As others, including Nigel Farage, were quick to point out, Sarah Pochin got it wrong. She uttered words which, shorn of their context (as they obviously would be), made her sound racist. But the almost compulsory use of persons of colour to promote products and services is a bit of a wonder of the world. Modernisers often speak of the need for institutions to ‘look like Britain as it is’ (depressing thought), but this seems not to apply on screen. In the style of Ambrose Bierce’s Devil’s Dictionary, I offer a definition of the phrase ‘television ads’, as follows: ‘Short filmic fictions about the blissful and virtuous lives of persons of mixed race or with non-white skin.’
I have written elsewhere about how the RedBird Capital bid to buy the Telegraph Group (for which I work) is going wrong. One of our anxieties as journalists is the rumour that Matthew Garrahan, ex-Financial Times, might become our new editor if the bid succeeds. I do not know him personally. In social media comments (now deleted), the strongly Remainer Mr Garrahan has singled out the Telegraph for obloquy. ‘The Telegraph loves it when migrants are deported (except when it’s the Labour gov doing the deporting and the cost is suddenly very important),’ he exclaims. His artistic taste is striking too: ‘Hooray for Kneecap,’ he tweeted of the Irish band whose name discloses their attitude to the peace process. If he is indeed angling for the job, his method is unusual. With similar perversity, I hereby apply to be editor of the pink-papered pinko FT, with its crawling servility to Davos Man and the European Commission.
Seen from a free-market point of view, the minimum wage was always a bad idea. It reduced the number of jobs for the low-skilled young and loaded extra costs on small businesses. When it was invented in 1999, it seemed to cause little trouble. That was a buoyant time economically, and the policy became uncontroversial politically. You could even argue that a high minimum wage reduced the temptation for the young to live on benefits instead. Now, however – and later, I must admit, than I had expected – it has become a problem. In 1999, it was £3.60. In today’s money, adjusted for inflation, that would be £6.94. Today, the minimum wage stands at £12.21, almost double inflation over the period. When you add that to extra employers’ NI, ‘day one’ employment rights and the rise of AI, you make employing the next generation of chiefly unskilled labour (which nowadays includes arts graduates of bad universities) formidably unattractive. No wonder so many retreat to their lonely bedrooms and investigate the dark web. Cheap labour can be exploitative, but it can also open the door to the world of work to the young and inexperienced – not to mention those with physical handicaps or learning difficulties. How about stopping all rises till further notice, and no longer paying high wages to the Low Pay Commission to decide what the rate should be?
We recently attended the National Harvest Festival at Westminster Abbey, which the present Queen inaugurated and has regularly attended since 2013. It is in aid of Love British Food.
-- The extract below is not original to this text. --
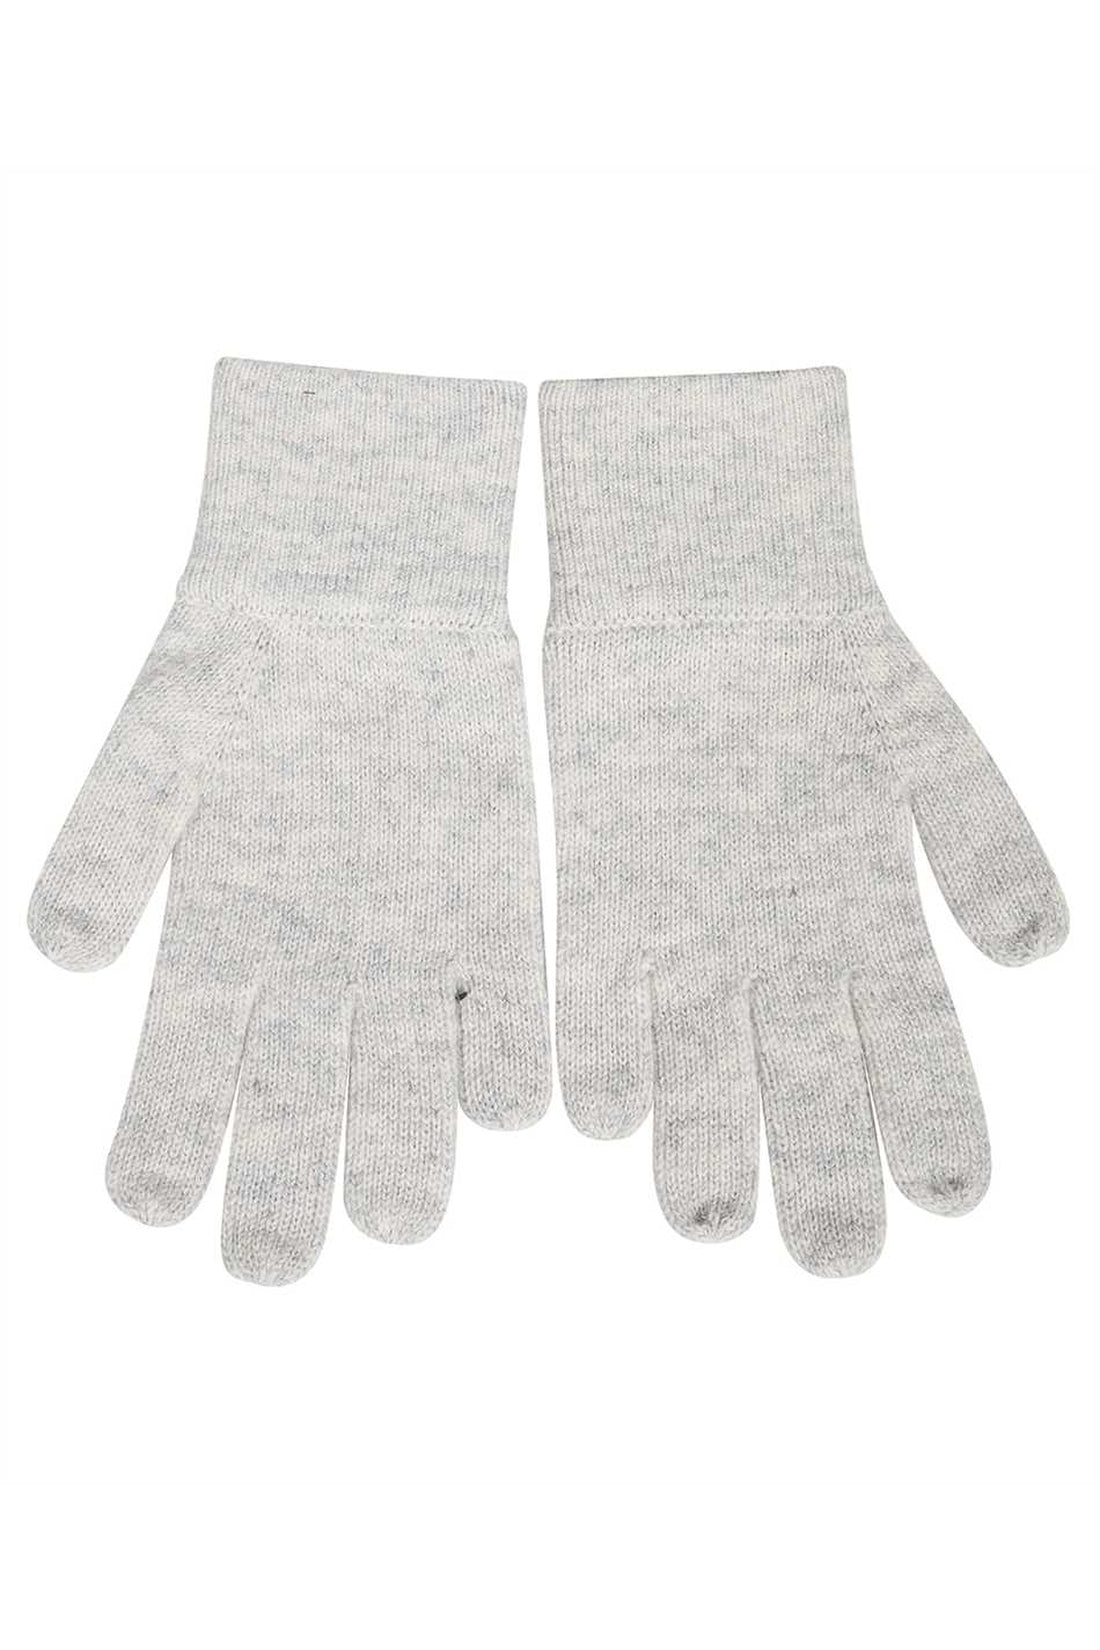 Moose Knuckles-OUTLET-SALE-Imlay wool gloves-ARCHIVIST

She looked just right in what I like to think was Lincoln green. It is a mystery to me why the harvest festival entered the Church of England calendar only as recently as the late 1840s, invented by the great eccentric Hawker of Morwenstow. Many special services for this and that are only tangentially related to religion, but harvest is central to the life of the Old Testament and to the parables of the New. It is perfectly logical, since Rogationtide asks for a good harvest, that the harvest festival should give thanks for the one that arrives about four months later. It was moving to hear words like ‘bread’, ‘seed’, ‘fruits’ given their full Christian resonance in an urban abbey. I was rushing to get out at the end to make a speech but could scarcely complain at being held back by what was in a certain sense Her Majesty’s most pious moment – her careful inspection of loaves, turnips, leeks and cabbages outside the West Door.
I would warmly endorse last week’s favourable review of Judy Montagu’s The Greyhound Diary. Normally I find travel journals one of the least interesting literary forms, but the lively young Englishwoman bussing round the United States at the pinnacle of its civilisation (1949) captures a moment. Judy’s high social class but low means of transport bring out the dizzying contrasts. Her account of a drunken Mary Pickford rehearsing how she would personally persuade Stalin to bring about world peace is a tour de force. One warning. The book appears very big, and readers thinking of giving it for Christmas may wonder why a light travelogue need be so long. The answer is that it is not much more than half as long as it looks, because each left-hand is mainly blank, carrying what would normally be footnotes, mainly tiny biographies of all sorts met along the way. It offers three hours of pleasure, not six hours of slog.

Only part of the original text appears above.